Test for two-way interaction;
Test for three-way interaction and 95% confidence intervals
To address whether differential attrition (participants excluded due to missing data) could have biased our results, an inverse probability weighted analysis was used as described previously(Espeland et al., 2018; Weuve et al., 2012). First, a logistic regression model was fitted with the dependent variable being whether or not participants, based on their baseline characteristics, did not or did contribute to our current analysis. As recommended, a rich set of baseline predictors, including the self-reported cognitive measures above, for this modeling was used. The analysis was then repeated weighting data from individuals by the inverse of the probability from the logistic regression model. This allows for individuals who resemble those not contributing data to the analyses to have more weight, i.e. that they are “representing” not only themselves but others like themselves who have been lost. Overall, the estimates are very similar between the two approaches (Supplementary Table 2). The inferences tend to be slightly more significant with the inverse probability weighting. Thus, it appears that differential attrition served to attenuate, rather than exaggerate, the estimated relative intervention effects. It may be that individuals who were lost to follow-up were more likely to have risk factor profiles reflective of lower cognitive function and that by culling these individuals from the analytical data set, retention served to attenuate estimated differences.
DISCUSSION
In the Look AHEAD trial, randomization to 10 years of ILI vs. DSE was not associated with overall differences in cognitive function scores when assessed 1–2 years after the intervention ended. Similarly in both women and men, significant interactions with BMI and history of CVD were reported in which the less heavy and CVD-free individuals appeared to benefit while the heavier individuals with a history of CVD appeared to be harmed (Espeland et al., 2017). In this subgroup analysis, we observed a significant interaction between the onset of menopause and the intervention on cognitive scores. Older postmenopausal women had worse cognitive scores in two out of 5 cognitive outcomes in the ILI group compared with the DSE group. In contrast, younger pre- or early postmenopausal females had better cognitive scores in these outcomes in the ILI group compared with the DSE group. These effects were further modulated by APOE genotype. The positive effect of the intervention was only evident among APOE4 non-carriers. The response to intervention appears to be a function of menopausal state and not baseline age, as the interaction of years since menopause with the intervention on cognitive outcomes was significant while the interaction of baseline age with the intervention was not. In addition, the findings persisted after adjusting for aging associated CVD risk factors, such as hypertension, history of CVD events, and measures of glycemia.

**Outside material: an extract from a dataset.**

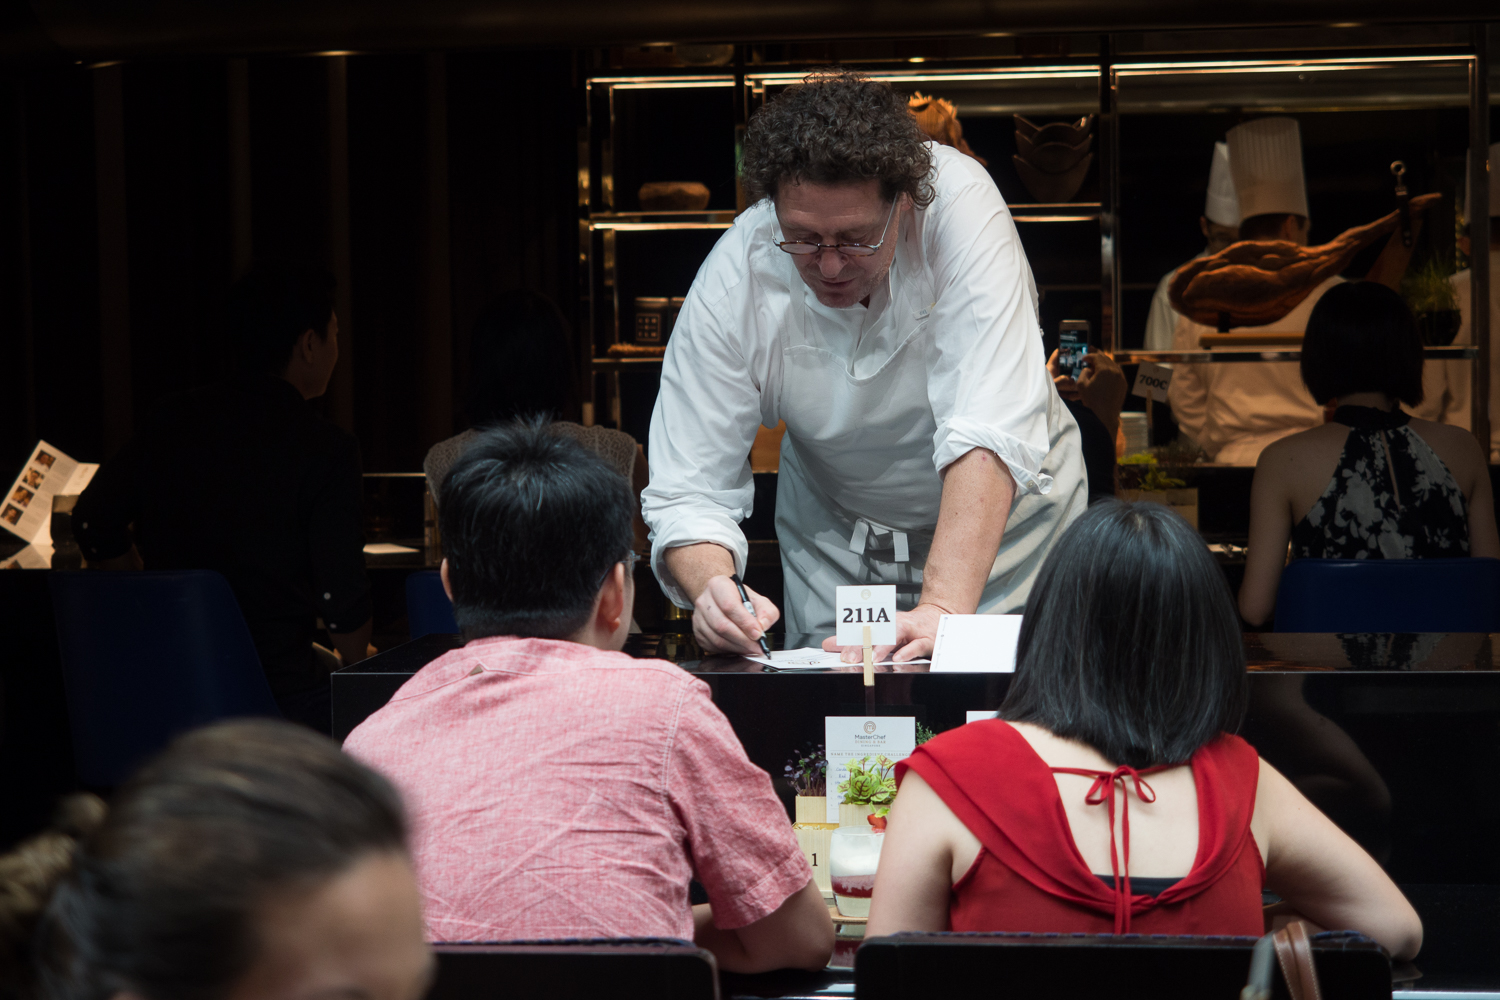 MasterChef Dining and Bar Singapore 2016

Findings from this subgroup analysis suggests that executive function cognitive domains (assessed by Stroop, DSST and Trails part B) may be responsive to a weight loss intervention in group of younger pre- or early postmenopausal women with cardiovascular risk factors, obesity and T2DM. The gradual process of age-related executive function decline appears to begin in early to middle adulthood (Salthouse, 2009) and is accelerated during menopause (Halbreich et al., 1995), and among persons with obesity and T2DM (Saczynski et al., 2008; Zhao et al., 2015). Therefore, a weight loss intervention may counteract the effects of menopause and metabolic risk factors such as obesity and T2DM on this cognitive domain. In contrast, a weight loss intervention may not be an effective strategy for slowing memory cognitive decline associated with AD neuropathology which appears in older individuals and early on in those carrying the APOE4 allele (Hohman et al., 2017).

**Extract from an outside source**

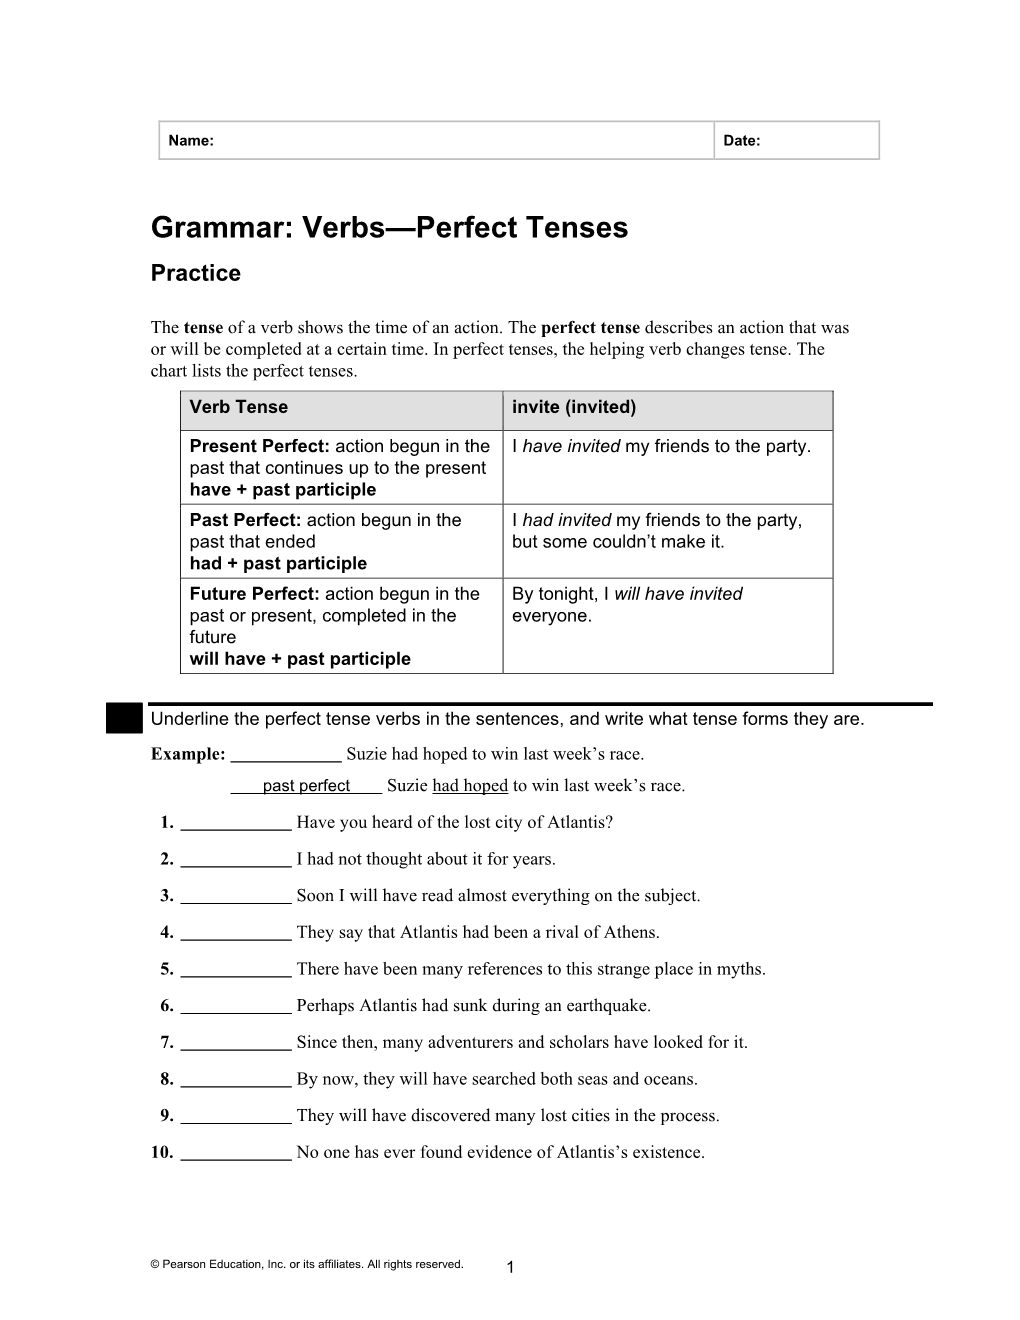 grammar-verbs-perfect-tenses-practice-docslib

Why might time since menopause as opposed to baseline age affect the response to an intensive weight loss intervention? One explanation is the underlying differences in the health of the vasculature between younger or recently menopausal women and those who are older or further past the menopausal transition (Mendelsohn and Karas, 2005). In relatively healthy blood vessels (such as in pre or early menopausal woman), weight loss may offer protection by enhancing endothelial functions and blood flow (Bigornia et al., 2010). However, in vessels with substantial atherosclerotic plaque (more likely in an older woman), the beneficial response to weight loss may not only get blunted but also compounded with harm by limiting brain energy supply or affecting levels of neuroprotective hormones derived from adipose tissues. In the female brain, estrogen activates glucose metabolism while simultaneously suppressing the ketogenic system in brain thereby promoting brain reliance on glucose as its primary fuel to generate ATP (Yin et al., 2015). After menopause, there is evidence to support a shift in the preference for brain energy sources, from glucose to oxidation of fatty acids to generate ketones for brain energy utilization (Riedel et al., 2016). Since the AD brain utilizes fatty acids as an alternative source of fuel when glucose uptake is impaired (Cunnane et al., 2016), it is possible that weight loss in older women may compromise brain energy supply or alter neuroprotective hormones produced in adipocytes, such as leptin (Forny-Germano et al., 2019). Similar to menopause, several groups demonstrated that APOE4 carriers have abnormally low rates of glucose metabolism in several areas in the brain affected by AD (Mosconi et al., 2004; Reiman et al., 2004). If the APOE4 brain is a dual fuel dependent brain, being dependent upon glucose and ketone bodies (Riedel et al., 2016), then suppression of the ketogenic system in the APOE4 brain by weight loss would result in reduction in a critical fuel to generate ATP. Obesity in this regard may offer some brain protection to the APOE4 brains by supplying fatty acids as a source for brain energy consumption (Karmi et al., 2010).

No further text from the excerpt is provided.